Recall that a rational number is a number that can be written as \( \frac{a}{b}\), where \(a\) and \(b\) are integers.

We will explore some properties of rational numbers.

1) The sum of 2 rational numbers is always rational.

*Proof:* Let the 2 numbers be \( \frac{a}{b} \) and \( \frac{c}{d} \), where \(a, b, c, d\) are integers. Then, their sum is \( \frac{ ad+bc}{bd} \), and \( ad+bc\) and \(bd\) are both integers. Hence, this number is rational.

2) The product of 2 irrational numbers does not need to be irrational.

*Proof:* In the previous post, we showed the \( \sqrt{2} \) is irrational. The product of \( \sqrt{2} \) and \( \sqrt{2} \) is 2, which is rational.

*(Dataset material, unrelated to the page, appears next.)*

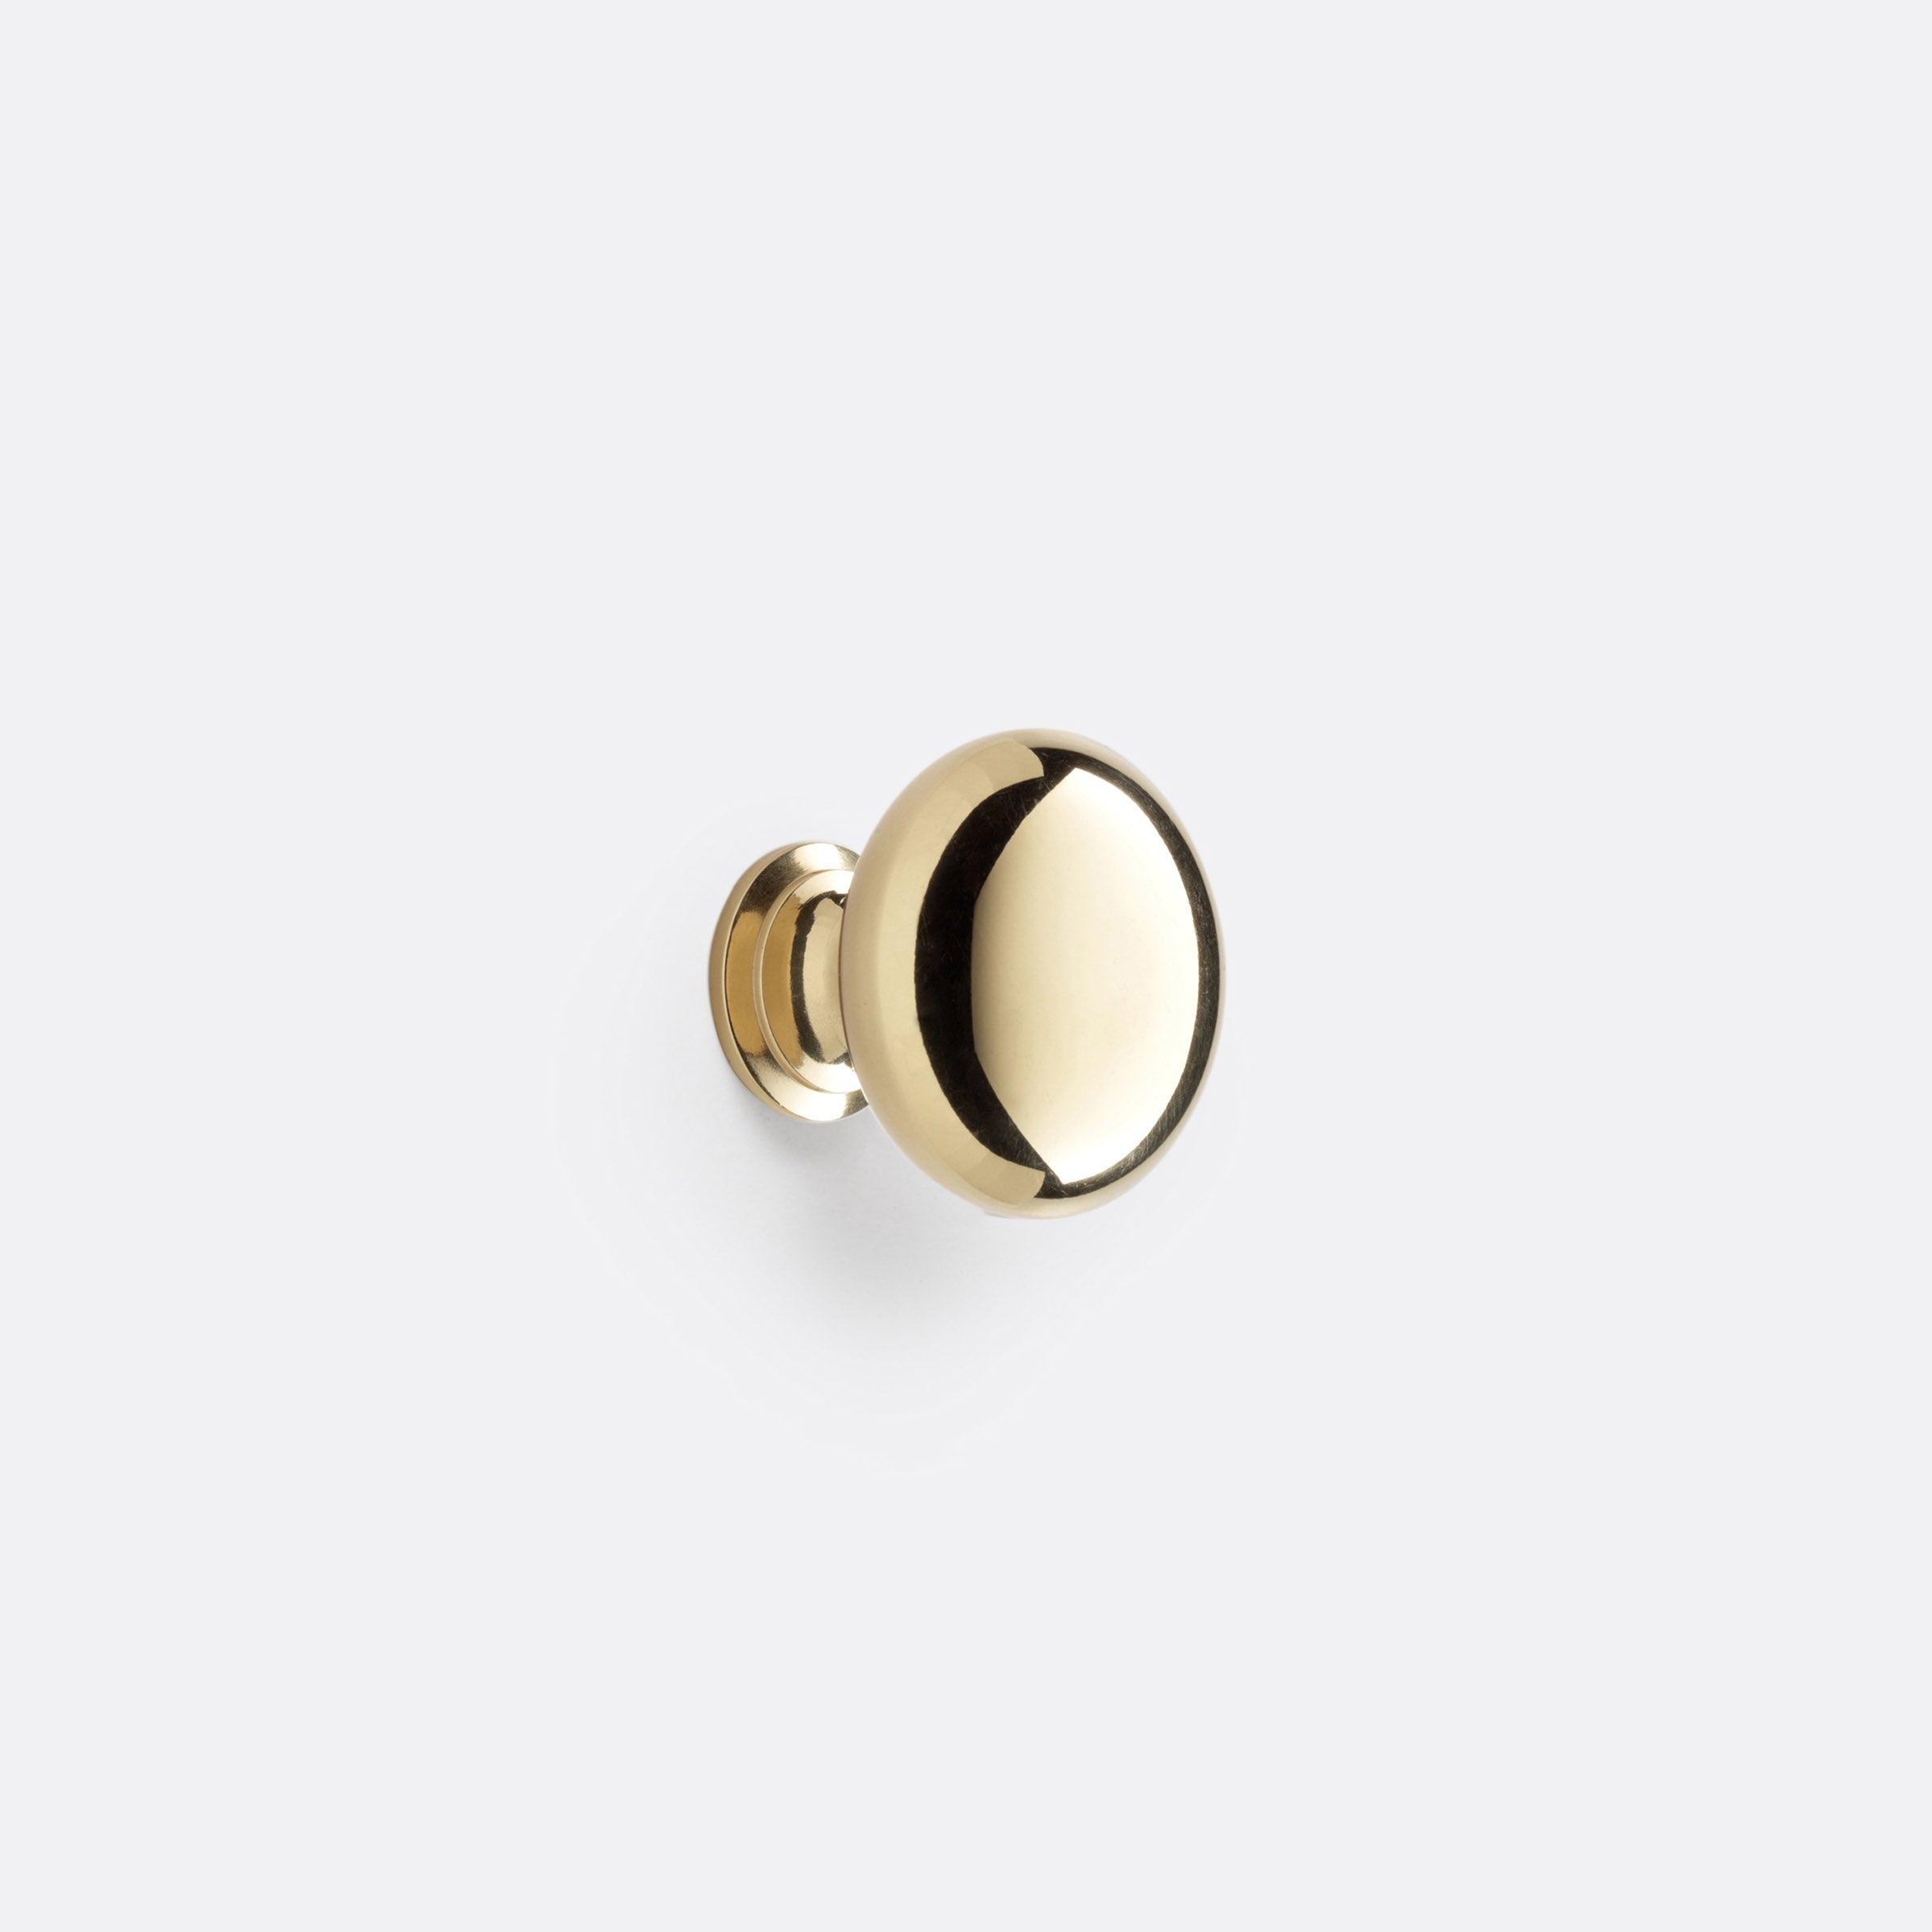 Massey Round Cabinet Knob by Rejuvenation Unlacquered Brass

3) The sum of a rational number and an irrational number is always irrational.

*Proof:* Let the rational number be \( x = \frac{a}{b} \) and the irrational number be \(y\). We will prove this statement by contradiction. Suppose that their sum is rational, of the form \( \frac{ c}{d} \), then we know that \( \frac{a}{b} + y = \frac{c}{d} \), or that \( y = \frac{ c}{d} - \frac{a}{b} = \frac{ cb-ad} { bd} \), which is rational. This contradicts the condition that \(y\) is irrational. Hence the sum is always irrational.

Can you answer the following:

A) What do we know about the product of 2 rational numbers? Is it always rational?

B) What do we know about the sum of 2 irrational numbers? Is it always irrational?

C) What do we know about the product of a rational number and an irrational number? Is it always irrational? [Hint: Be very careful!]

Can someone give me feedback? Is this too hard for Cosines group, or just right? Do you want to see more basic material?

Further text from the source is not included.